西湖向山,所以碧波能映照出峦影;长白向水,于是冰雪能融化成溪流。
那年风起云涌,风雪沧桑了谁的面容?
张起灵终于又是独自一人了,已有多少次登上这白茫茫的雪坡,也有多少次,在青铜门外徘徊。只,这一回,少了那人的欢声笑语,总觉有些失意。一寸一寸,一尺一尺,永生者的脚步也有些沉重了呢。当青铜巨门突兀于眼前的时候,蓦然,他竟忘记了自己来此的意义,“意义这种东西,有意义吗?”或许在他让吴邪失去意识的那一刻起,生命的意义,也就随之泯灭了吧。去吧!既然来了,既然已经到了,这个无数人为之丧命的地方。他犹豫着,却很坚定,缓缓举起鬼玺,青铜巨门敞开,张起灵还是走进去了,用最简单的方式,以最沉重的脚步,没有回头。
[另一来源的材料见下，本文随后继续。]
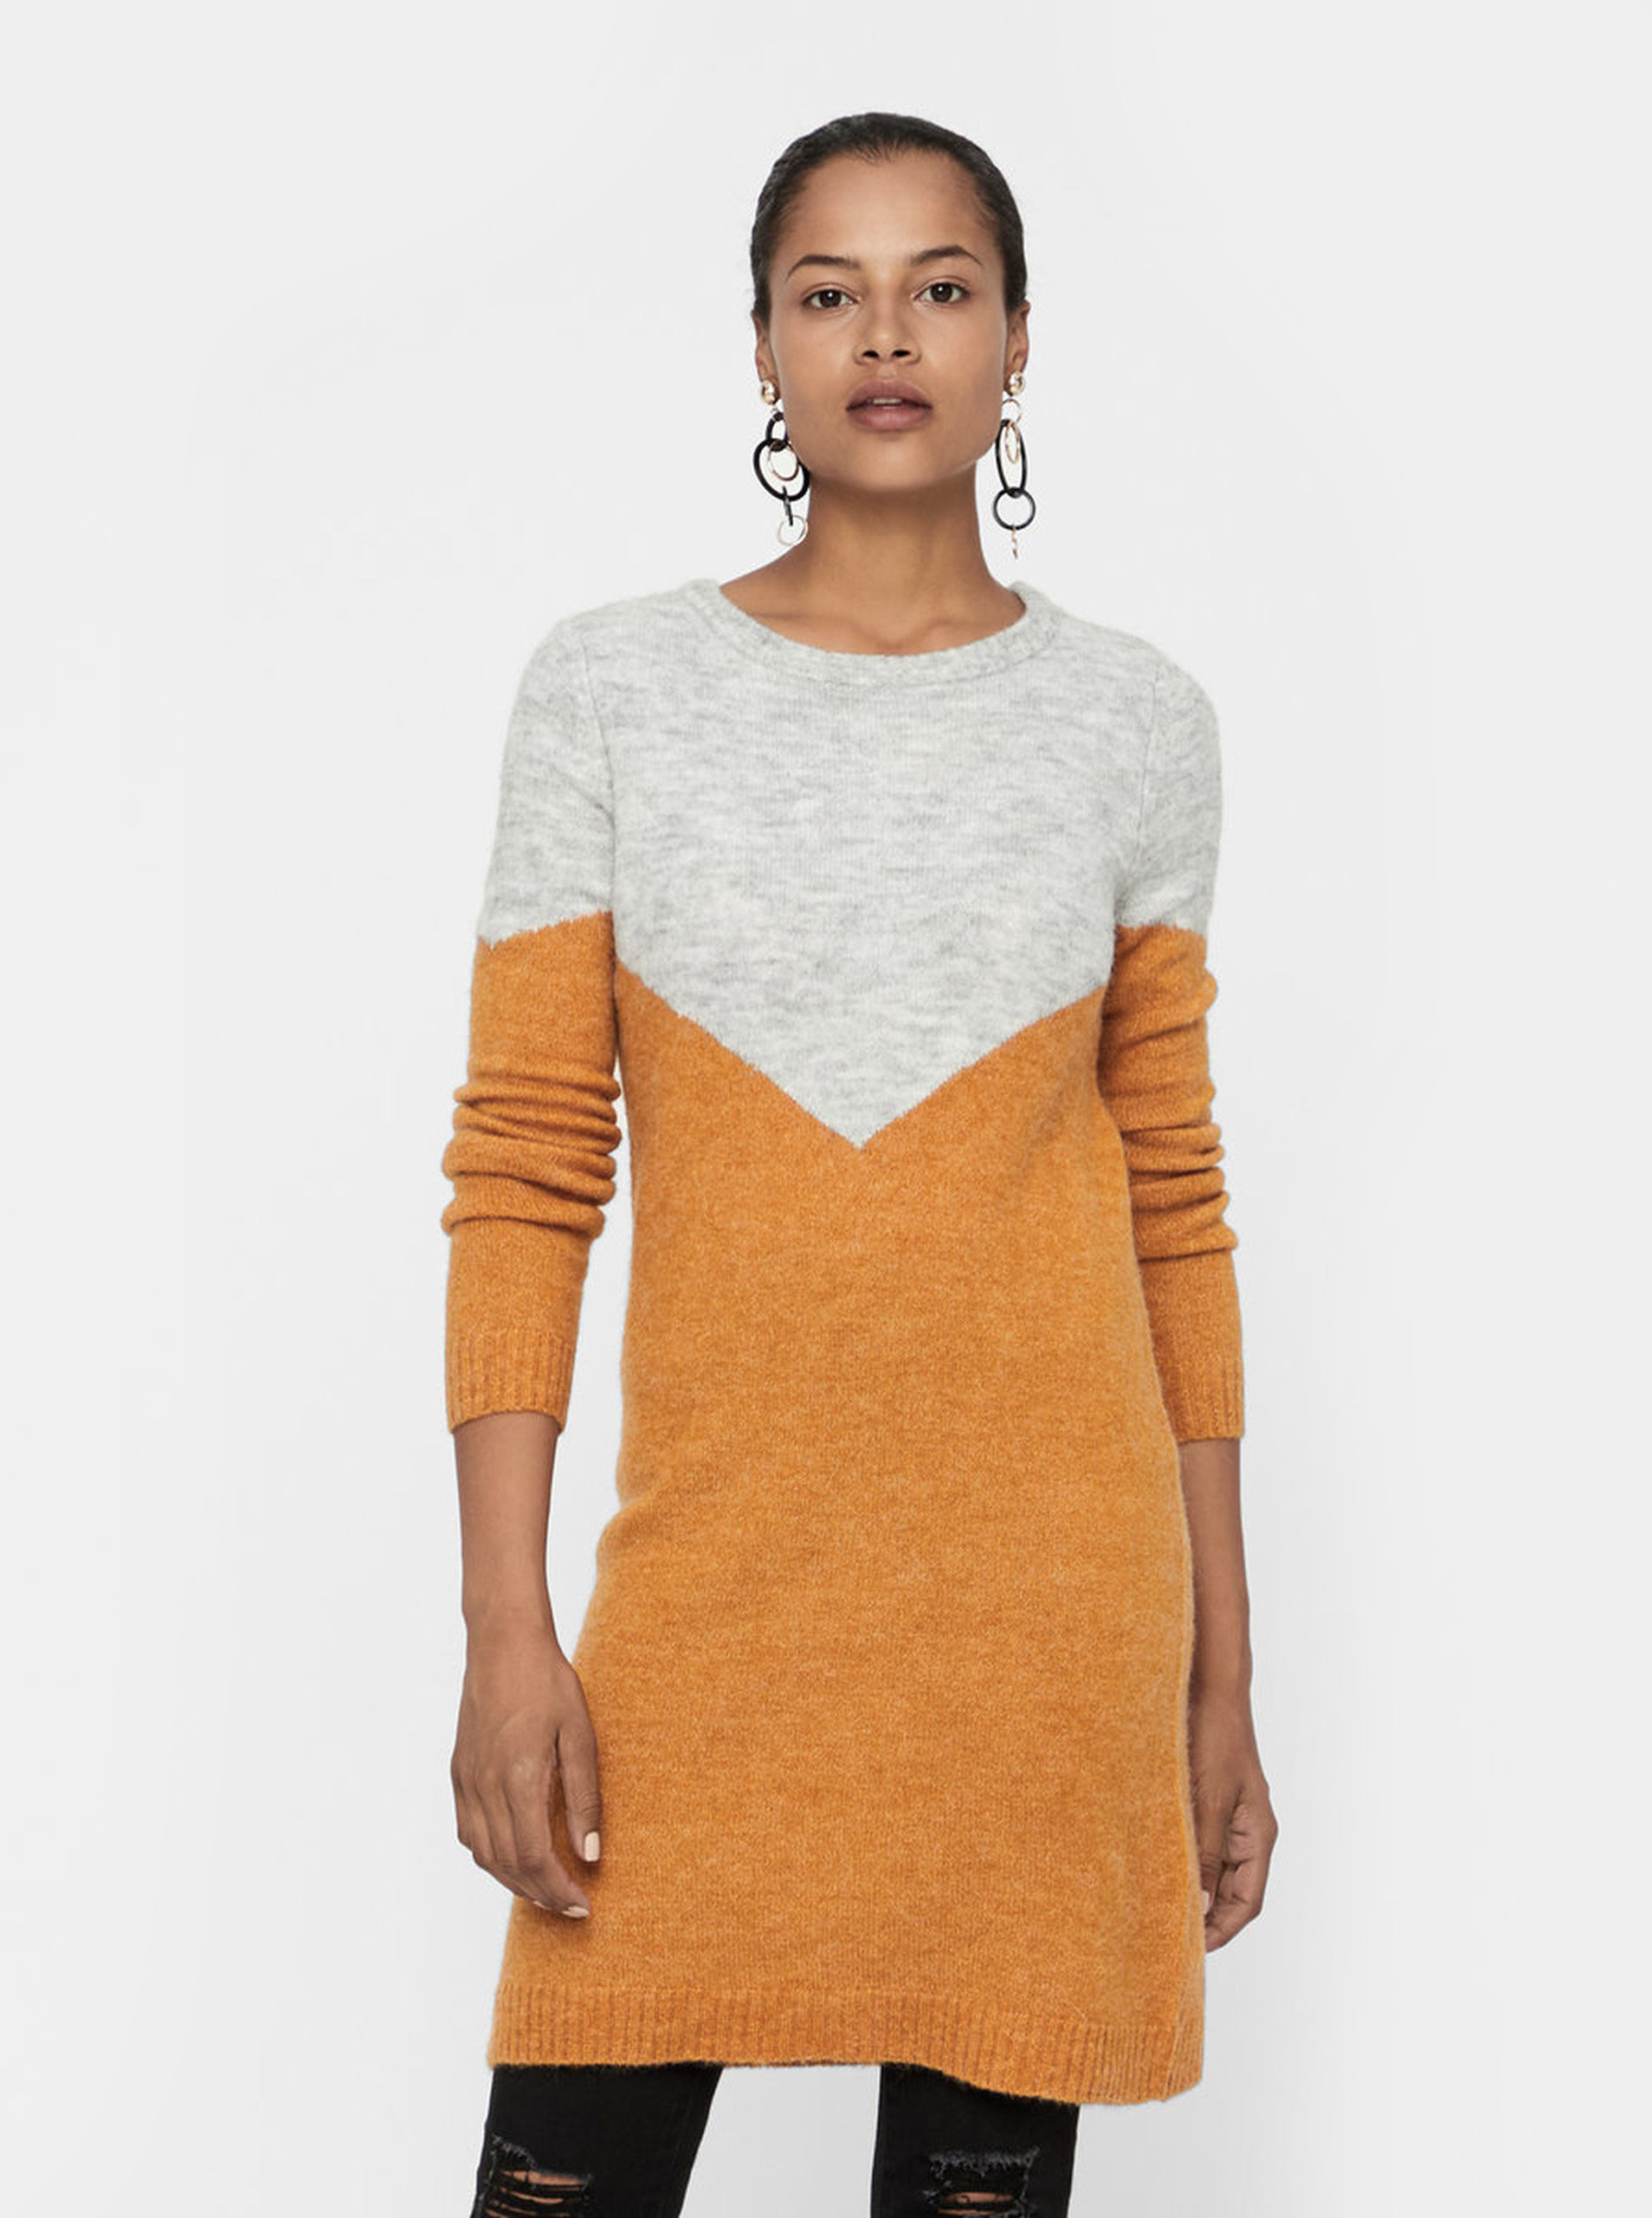 Šedo-hnědé žíhané svetrové šaty s příměsí vlny VERO MODA

吴邪在缝隙深处待了三天,直到暴风雪慢慢平息下来了,才彻底绝望。他又回到杭州了。是呢,那人果真从不说谎,他说会迫使他停下来,他果真无缘目送他离开,他说会让他回家,他果真已离长白山几千米远。只不知,那个断了一只手腕的人,现在怎么样了。算了,他可是身手敏捷,蚊虫不近之体,不会死掉的吧。
那年叶落蝶走,红茶冰冷了谁的心手?
青铜巨门里,纵使烈火熊熊,也灼不暖张起灵那颗隐隐作痛的心。“用我一生,换你十年天真无邪。”是啊,张起灵,他的一生那么长,替他守十年又何妨?只是,那橙赤色的火苗,为何也跳跃出了吴邪的模样?他初入七星鲁王宫被吓破胆的模样,他为躲避尸鳖紧紧跟在自己身后的模样,他与巨蟒奋力搏斗的模样,他在张家古楼,执意救自己出来的模样,他善良的模样,他怯懦的模样,他在杭州,等一个人回家的模样……
西泠印社的生意似乎又恢复原来的模样了,一切如常,却不同旧。吴邪越来越懒于与客人讨价还价——又不指望什么了。越来越喜欢一个人窝在里屋的躺椅上,在空调的暖风里度过无数湿冷的冬夜,也常双目无神,瞳孔无光地盯着一处,仿佛是发呆,也似在思念。吴邪不愿意再去思考那些复杂的故事,又开始了孑然一身的简单的生活,西湖边的游人照样络绎不绝,印社外仍旧门可罗雀,但他依然守着,守着这个小店铺,静静地等待一个时间的到来。
那年潮退日升,山脉荒凉了谁的空等?
雪落长白,不甘入土即化,年年如此,日复一日,长白雪被又厚了一层,青铜门内的焱火又旺了一分,张起灵心中的落寞,又增了一抹。尽管他不停地告诉自己,一定别忘了,那个与自己同甘苦共患难的人,可终究,那无邪带点真的笑靥和名字一起模糊在了抗拒里。他在与世隔绝的地方守望着一个未知的秘密,而时光温柔,不忍写将来。
是时恰逢杭州三月桃花铺满路,神情难免恍惚。十年有多长?他能把一只猫喂走又把一只猫喂成,那只家狗实在受不了一个庭院的寂寞与乏味,在一个晨光熹微的早上趴在草垛旁,再也没有从暗夜里醒来……“压力这种东西,说着说着就没有了。”吴邪粗糙的指尖轻轻抚过依旧剔透无瑕的鬼玺,张起灵胸膛上麒麟的纹路逐渐被血色冲淡,印记反而变得更加深刻。“我想,在未来不论怎样,我都一直如初升的朝阳一样,守望着大海,而你就像大海一样,一直不离不弃。”吴邪坐回原处,花香自房间东北方向的窗口处袭来,窗外人潮川流不息,远山间,一缕清烟正袅袅升起。
我还是会在这里等你,像雪飘了三千千米,不问归期。
我还是会继续走下去,像树干沐浴杲日,飐飐随风起。